Cobiçado para fazer mega hair nos salões de beleza, o cabelo humano tem sido alvo de contrabando e furto em Mato Grosso do Sul. Na semana passada, por exemplo, um estabelecimento da Capital teve prejuízo de R$ 55 mil após ter 2,5 quilos em fios levados por um ladrão.

Já quanto ao material que é apreendido como contrabando na Capital e fica armazenado no depósito da Receita Federal, o trabalho de detentas do presídio feminino Irmã Zorzi de Campo Grande está garantindo uma boa finalidade.

Elas estão costurando perucas destinadas a pacientes que lutam contra o câncer em Mato Grosso do Sul e perdem os fios naturais como consequência do tratamento.

A Agepen (Agência Estadual de Administração do Sistema Penitenciário), que coordena o trabalho, prevê a produção de mil perucas. A diretora do presídio, Mari Jane Boleti Carrilho, explica que as detentas que fazem trabalhos assim dentro dos presídios têm direito à remissão de um dia de pena a cada três dias de serviço prestado.

Mari Jane destaca outro benefício. “Acreditamos que é uma ação muito positiva e de benefício mútuo, pois contribui diretamente com a sociedade e, ao mesmo tempo, oferece ocupação produtiva e ajuda a capacitar profissionalmente nossas custodiadas, além de incutir novos valores psicológicos e humanos”, afirma.

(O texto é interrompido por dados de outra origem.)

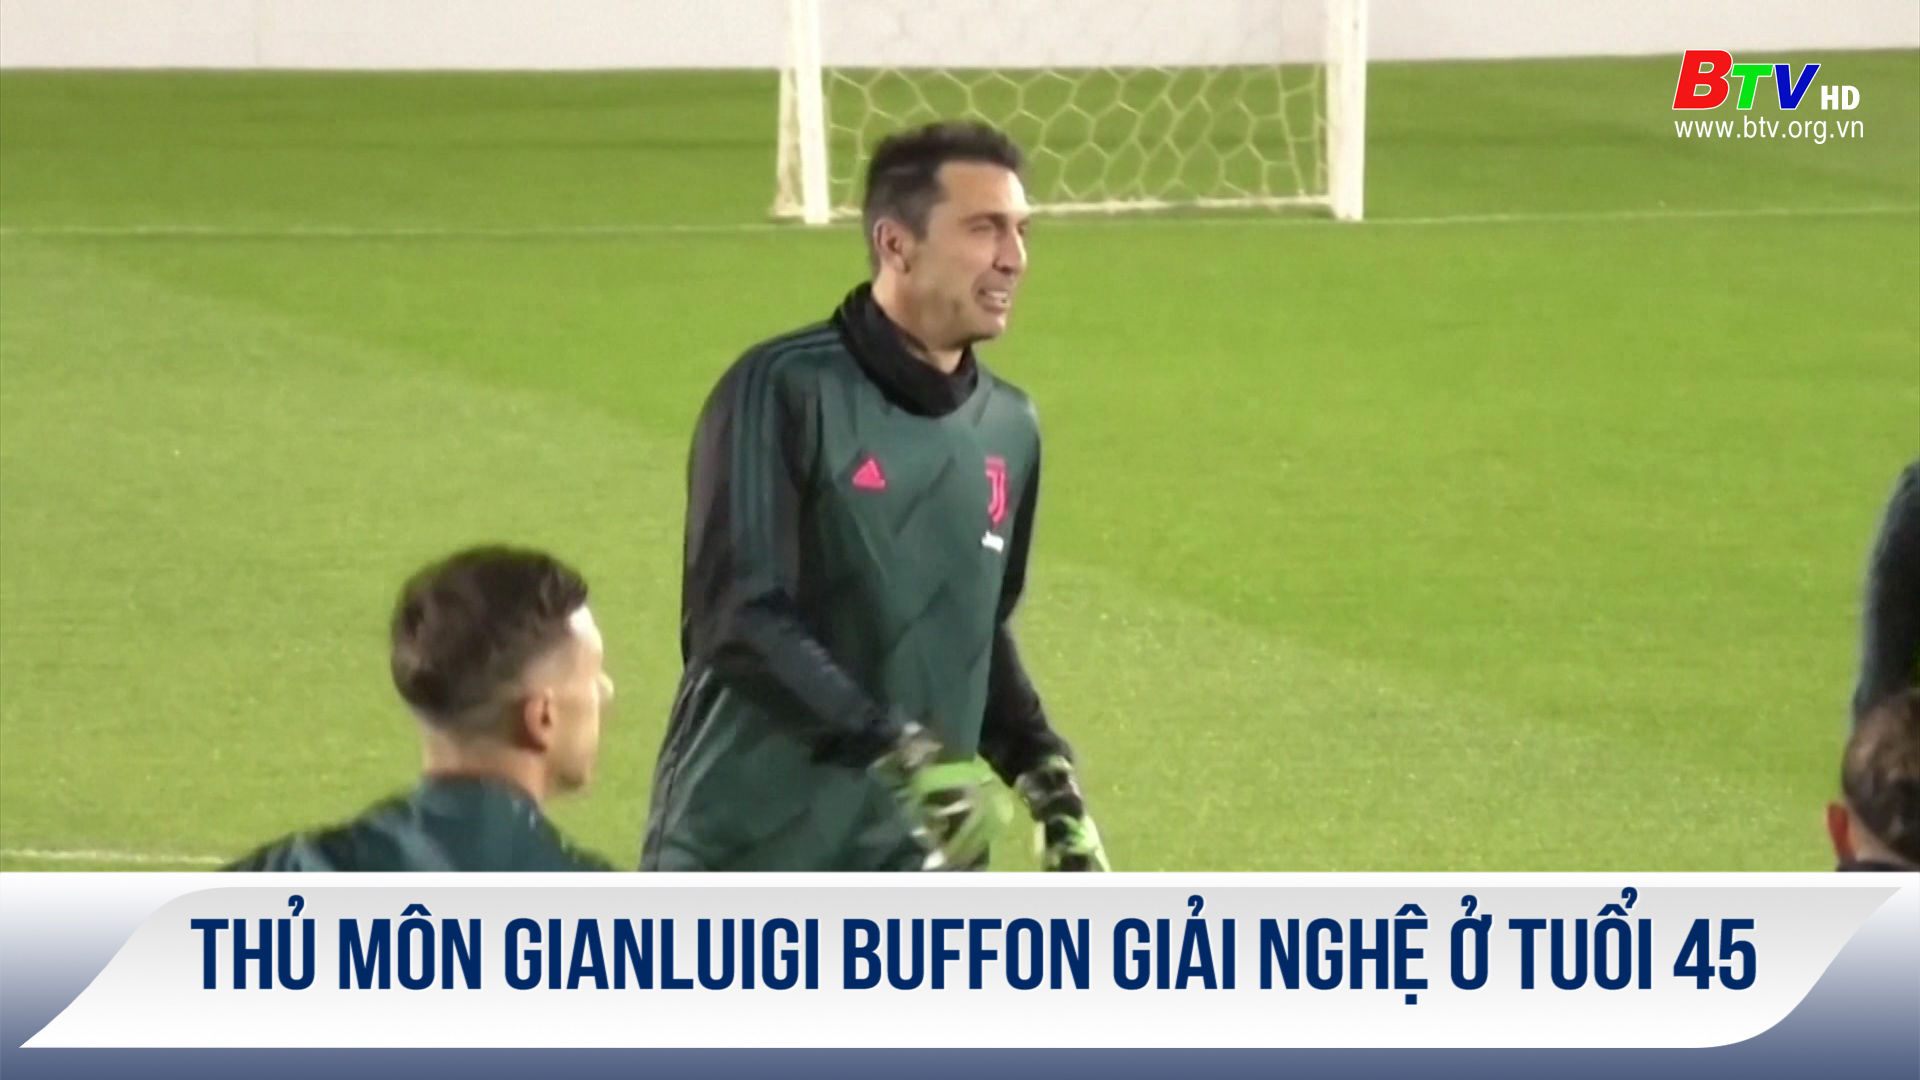 Thủ môn Gianluigi Buffon giải nghệ ở tuổi 45

Detenta que teve a identidade preservada e é uma das envolvidas na ação relata como é fazer as perucas, após ela mesma ter vencido um câncer. “Quando fiquei careca, entrei em depressão, não tinha vontade de fazer nada. Agora, posso com meu trabalho ajudar quem está passando pelo que passei e isso é muito gratificante”, conta.

Aumento de 800% – Delegado regional da Receita Federal, Zumilson Custódio da Silva confirma que houve um aumento expressivo na apreensão de cabelos nos últimos anos: mais de 800% entre 2022 (200 quilos) e 2023 (1.900 quilos).

Mato Grosso do Sul serve como rota para cabelos contrabandeados da Ásia, destinados aos grandes centros do Brasil, como São Paulo e Rio de Janeiro, explica Silva. “Temos uma grande fronteira seca com o Paraguai e a Bolívia, é um produto fácil de ser transportado, com alto valor agregado e a cada dia mais demandado no mercado da beleza”, conclui.